While you are alive, you might ensure the members of your family lives a stable life without worrying about financial constraints. However, who would bear the financial responsibility of your loved ones in your absence? Although there are innumerable life insurance products for your family, a term life insurance offers the much-needed financial protection after your demise.

Before you buy term insurance for your family members, let’s try to understand the detailed meaning of term insurance:

Term insurance is a pure protection plan, which can cover your family from the eventualities of life. Since your loss can be unbearable for your family, term insurance would provide a death benefit after your demise. The death benefit is usually offered to the nominees of your policy to maintain their current lifestyle in your absence.

As the nominees, your family can decide whether they wish to obtain a monthly income or a lump-sum amount after your death. Although the decision lies in your family’s hand, they might tend to make the wrong choice, which can eventually leave them inadequately insured. Due to the limited knowledge of term insurance policies, your families might choose to opt for a lump-sum amount.

When it comes to the selection of payouts, your loved ones should select the monthly income. On selecting the monthly payout, your family would be receiving a monthly amount to meet their routine and household needs. As the beneficiaries of the term insurance policy, your family can receive a monthly payout until the tenure (15-20 years).

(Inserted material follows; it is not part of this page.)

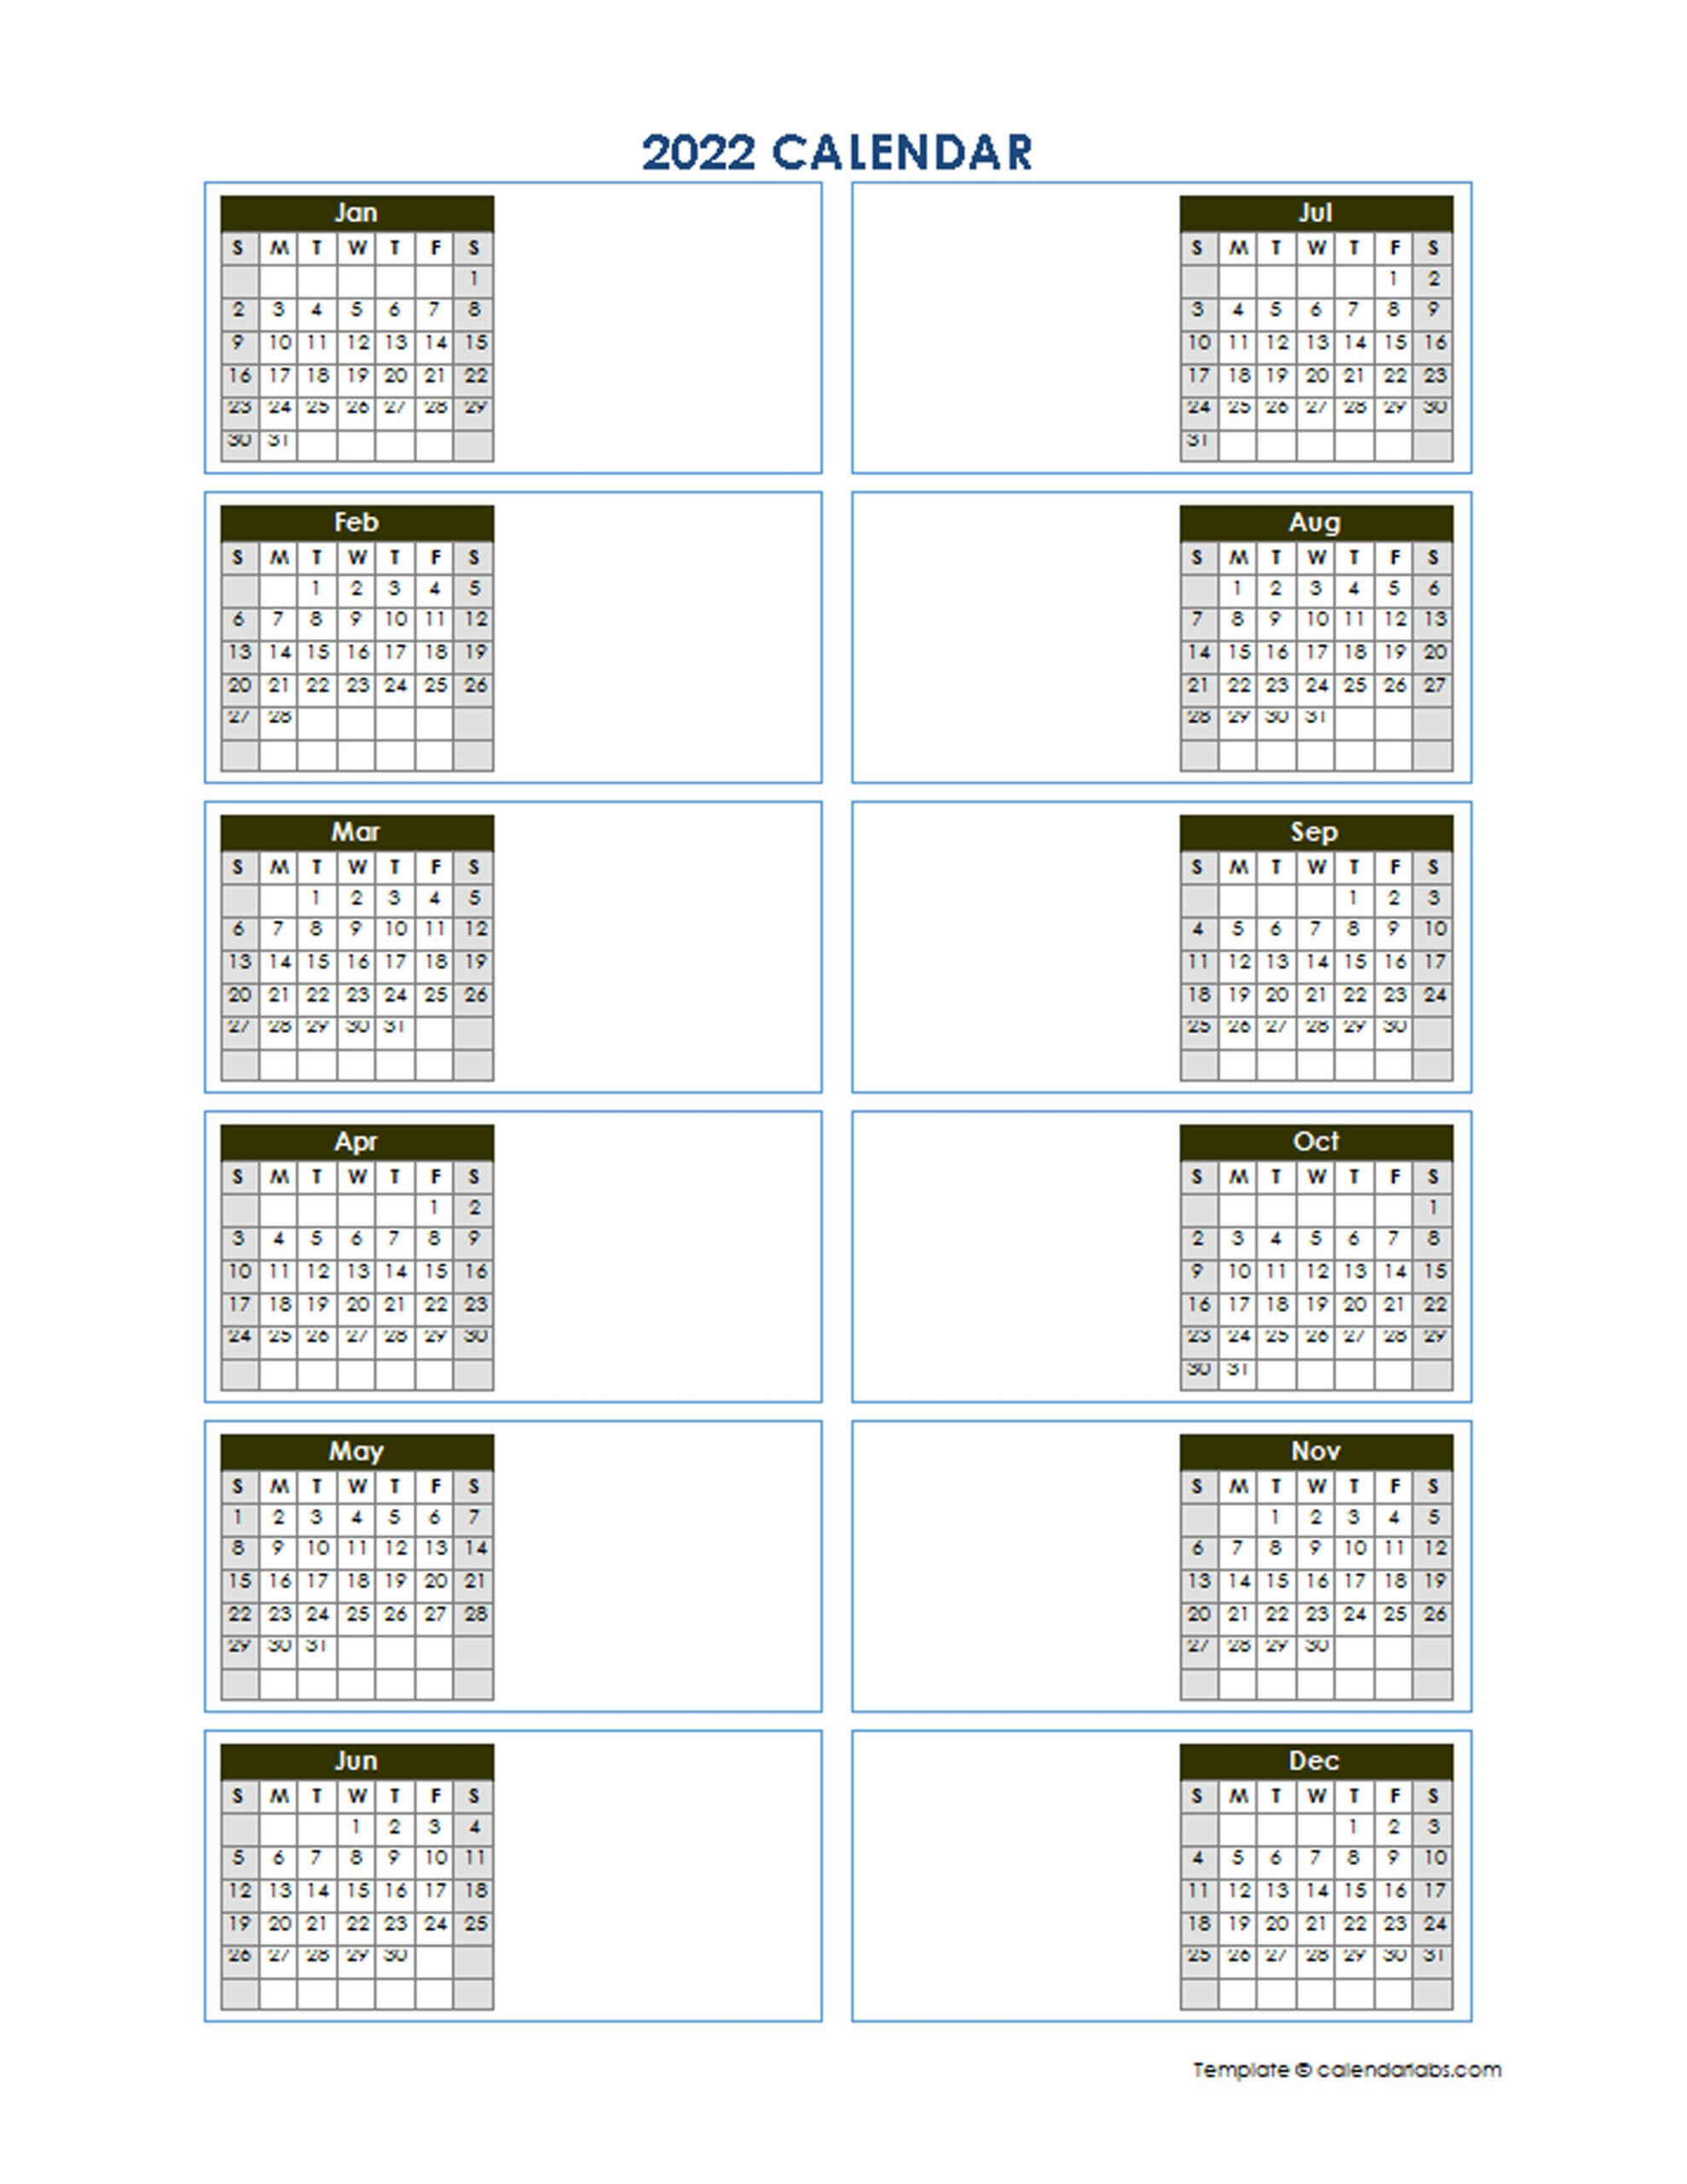 2022 blank yearly calendar template vertical design free

Under monthly payout, you can select the following options:

  1. Lump-sum with an increasing monthly income

Your family members would receive a monthly payout, which can be bound to increase at an annual rate between 10%-20% every year.

  1. An equal proportion of lump-sum and monthly income

Your family can receive an equal amount of your lump-sum amount and monthly income.

  1. High lump-sum and low monthly income

While you can obtain a major chunk of the sum assured amount, you can receive the rest of the money in instalments every year.

Term life insurance, which offers a monthly payout, can be beneficial to you if you belong to the following categories mentioned below:

  • Families with low financial literacy
  • Families unable to manage the lump-sum amount
  • Families unaware of how to invest money
  • Families with a single income

Before selecting the monthly payout option, your loved ones should understand how to calculate the monthly income. Therefore, let’s understand how your family can calculate the income every month:

  1. List down your routine expenses. It can contain the rent payments, EMIs, car loan repayments, and so on.
  2. Add all the expenses to determine the monthly payout.
  3. Consider the inflation rate.

As highlighted above, term insurance with monthly payouts can reduce the financial burden of your family in your absence. Rather than burdening your loved ones with a lump-sum amount, which they might be unable to manage, choose monthly payouts to ensure their maximum convenience. A monthly payout can allow your family to meet their monetary expenses with the flow of income every month.